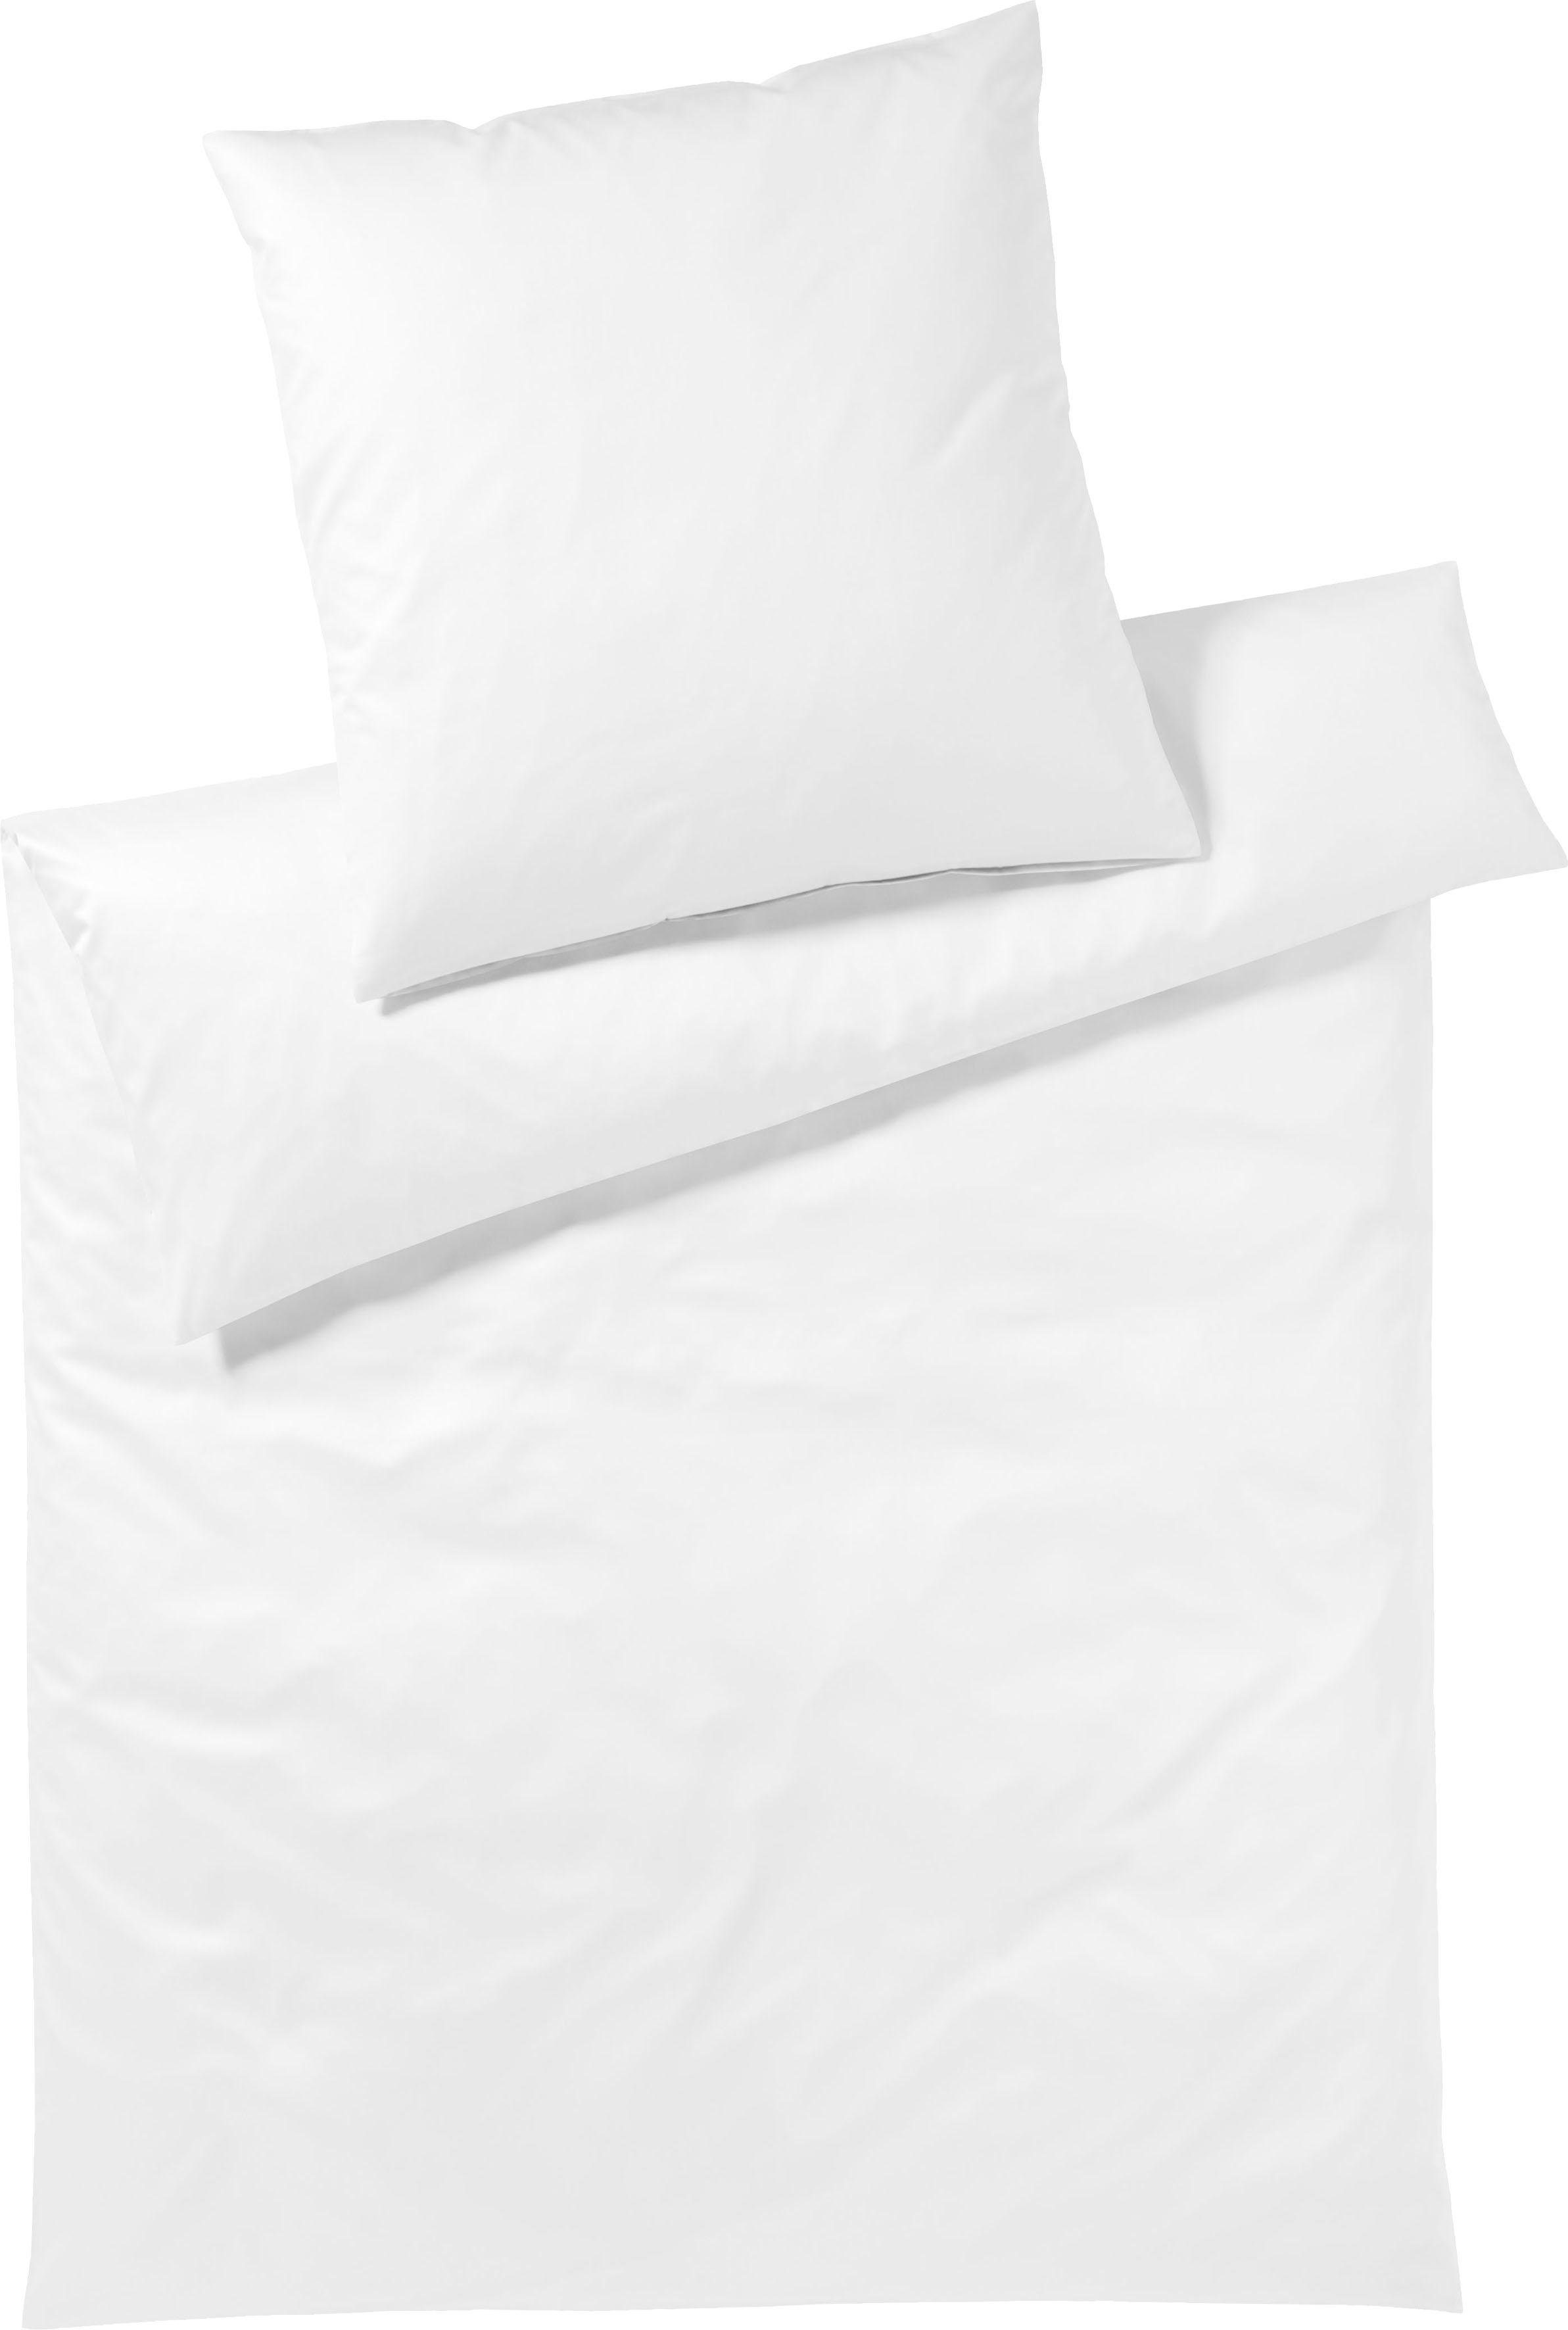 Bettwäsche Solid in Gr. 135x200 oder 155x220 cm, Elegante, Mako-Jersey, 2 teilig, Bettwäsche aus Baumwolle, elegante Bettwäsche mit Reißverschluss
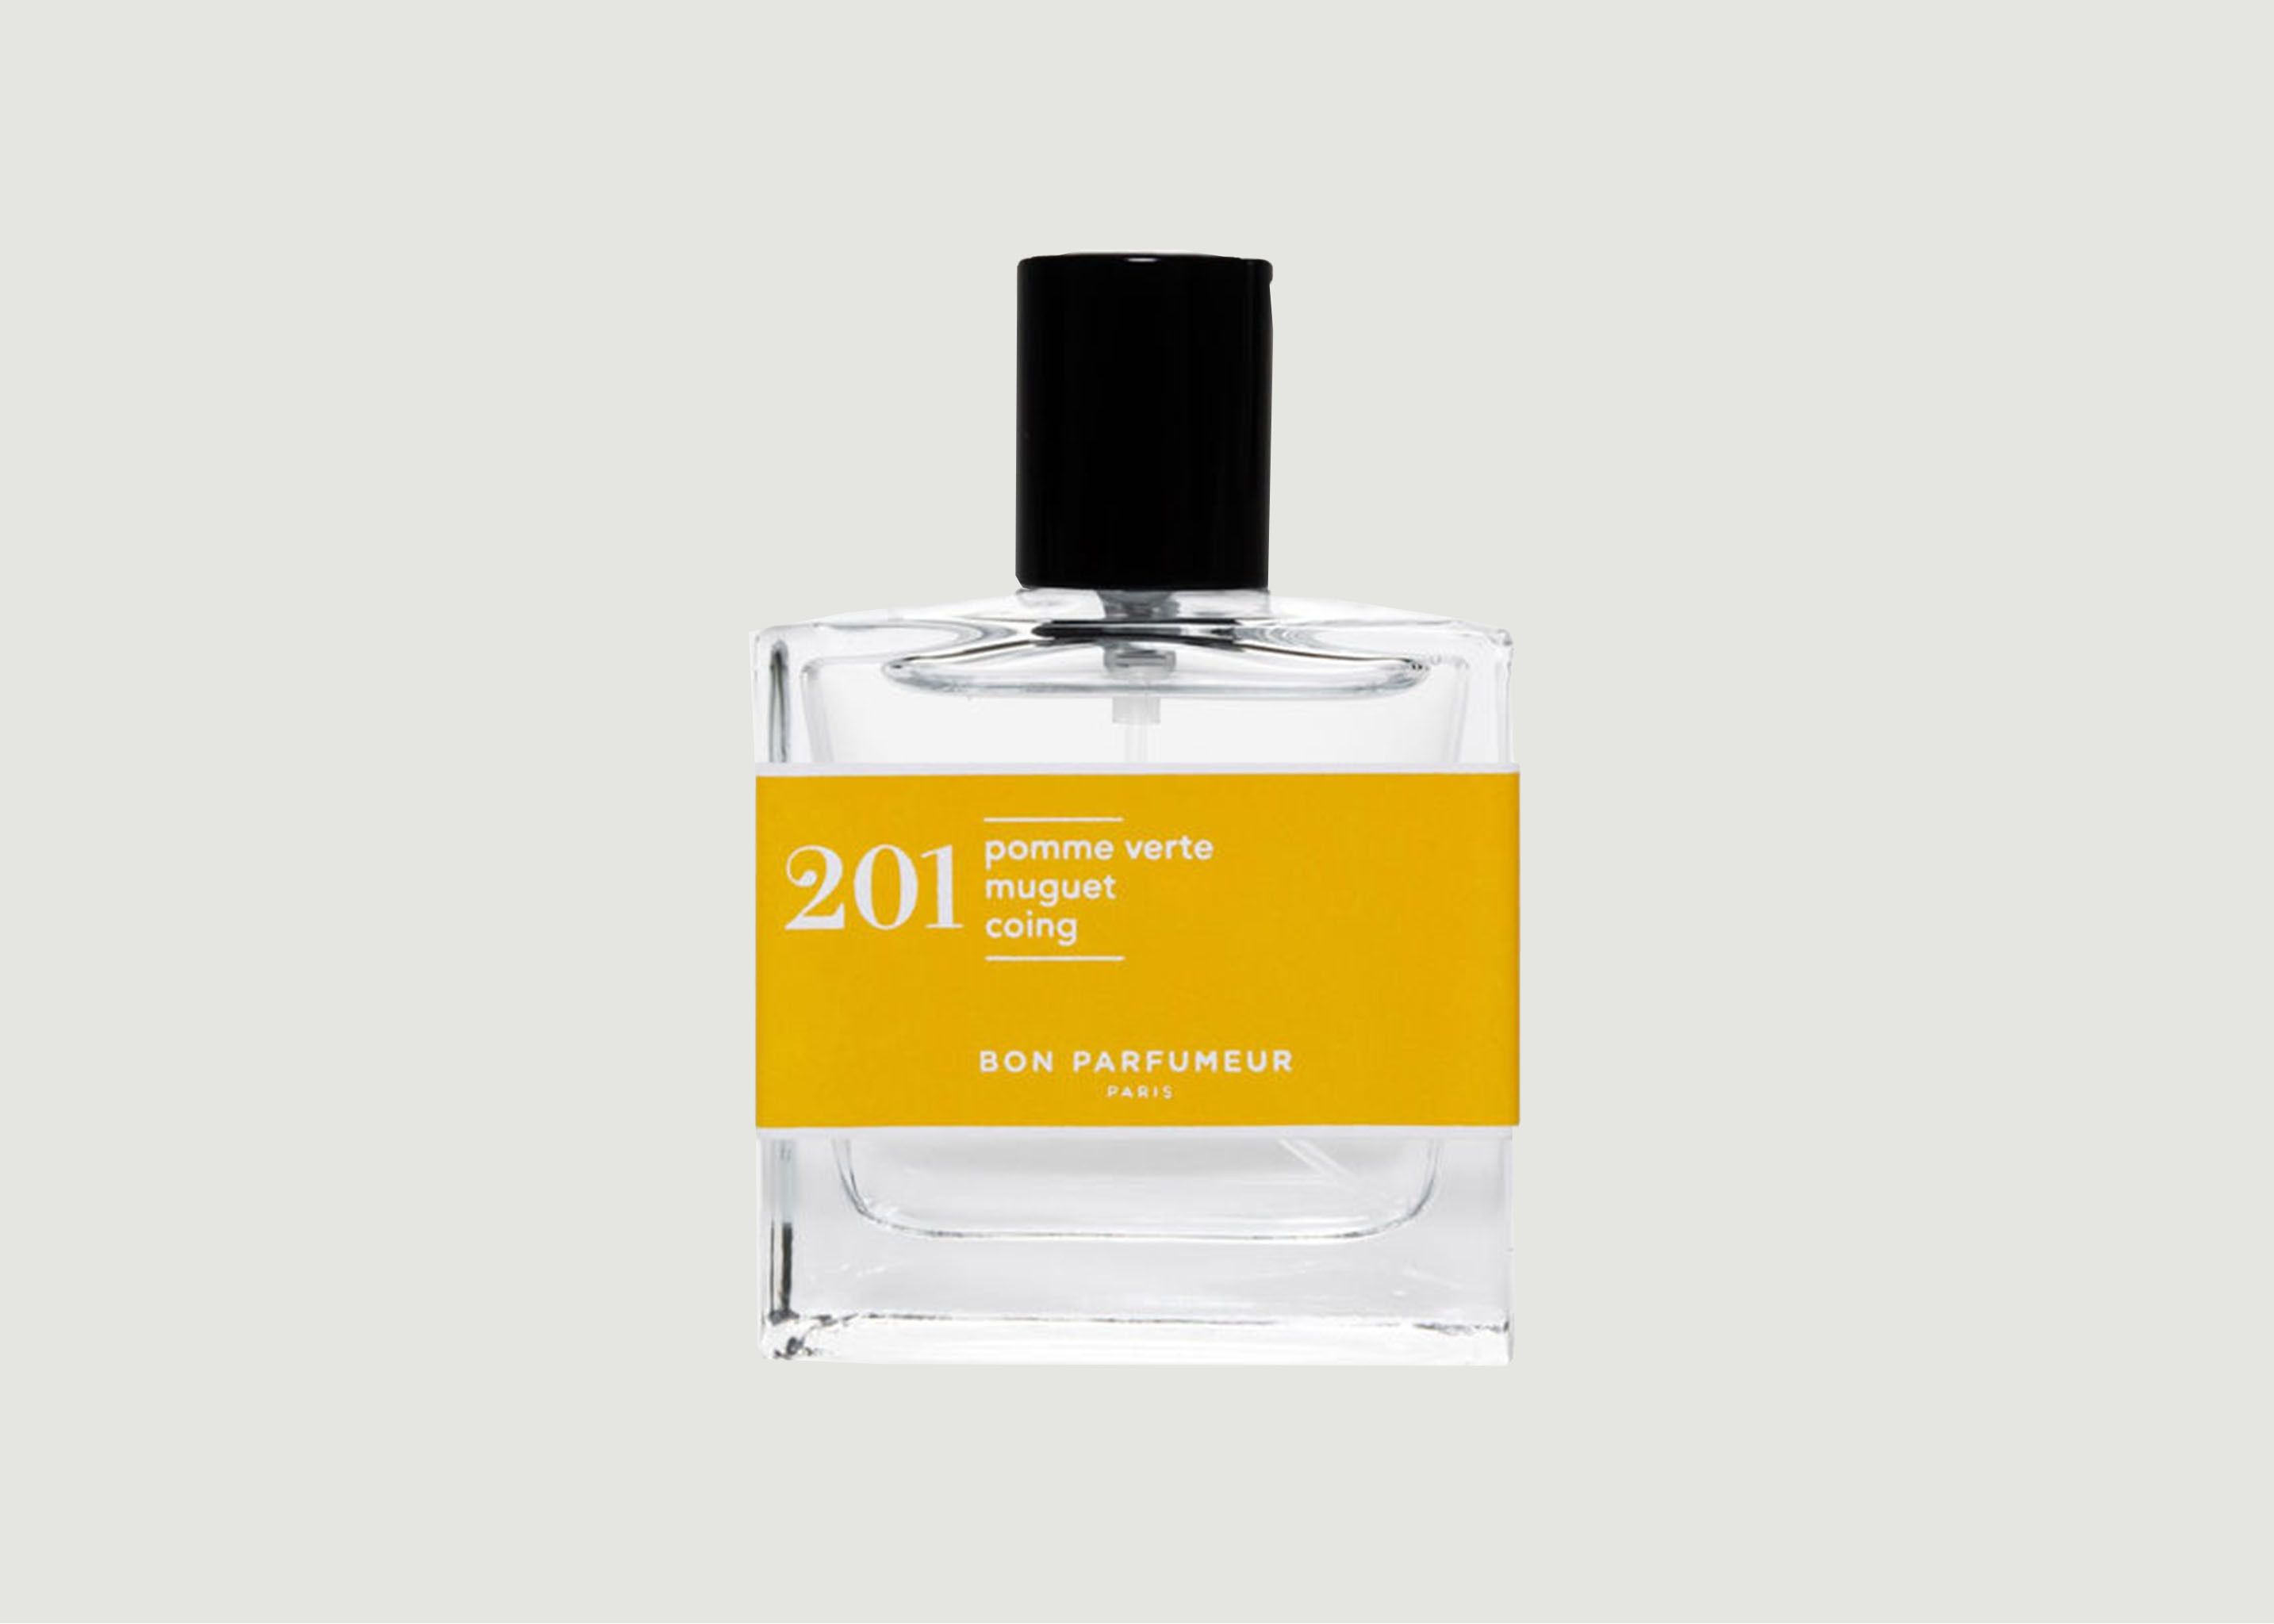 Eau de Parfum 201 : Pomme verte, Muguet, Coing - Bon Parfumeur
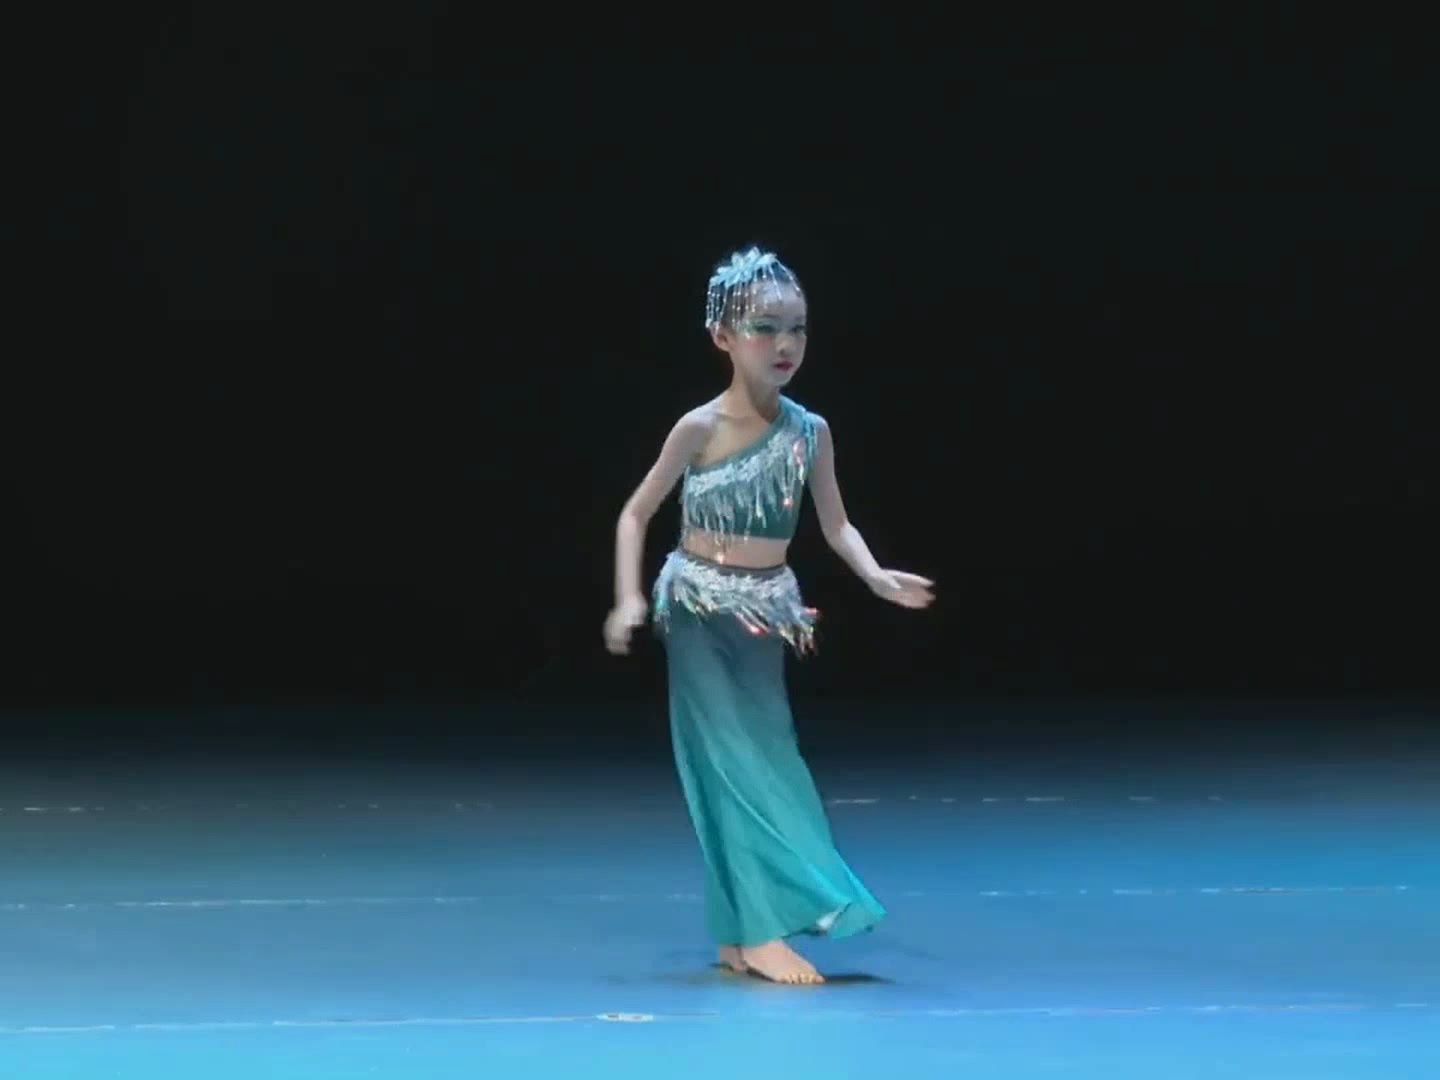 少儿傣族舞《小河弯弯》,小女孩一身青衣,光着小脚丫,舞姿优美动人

## What you have to do:
All of the lines above should be retyped precisely, apart from the pictures.

## Answer box:
 Bettwäsche Solid in Gr. 135x200 oder 155x220 cm, Elegante, Mako-Jersey, 2 teilig, Bettwäsche aus Baumwolle, elegante Bettwäsche mit Reißverschluss
 Eau de Parfum 201 : Pomme verte, Muguet, Coing - Bon Parfumeur
 少儿傣族舞《小河弯弯》,小女孩一身青衣,光着小脚丫,舞姿优美动人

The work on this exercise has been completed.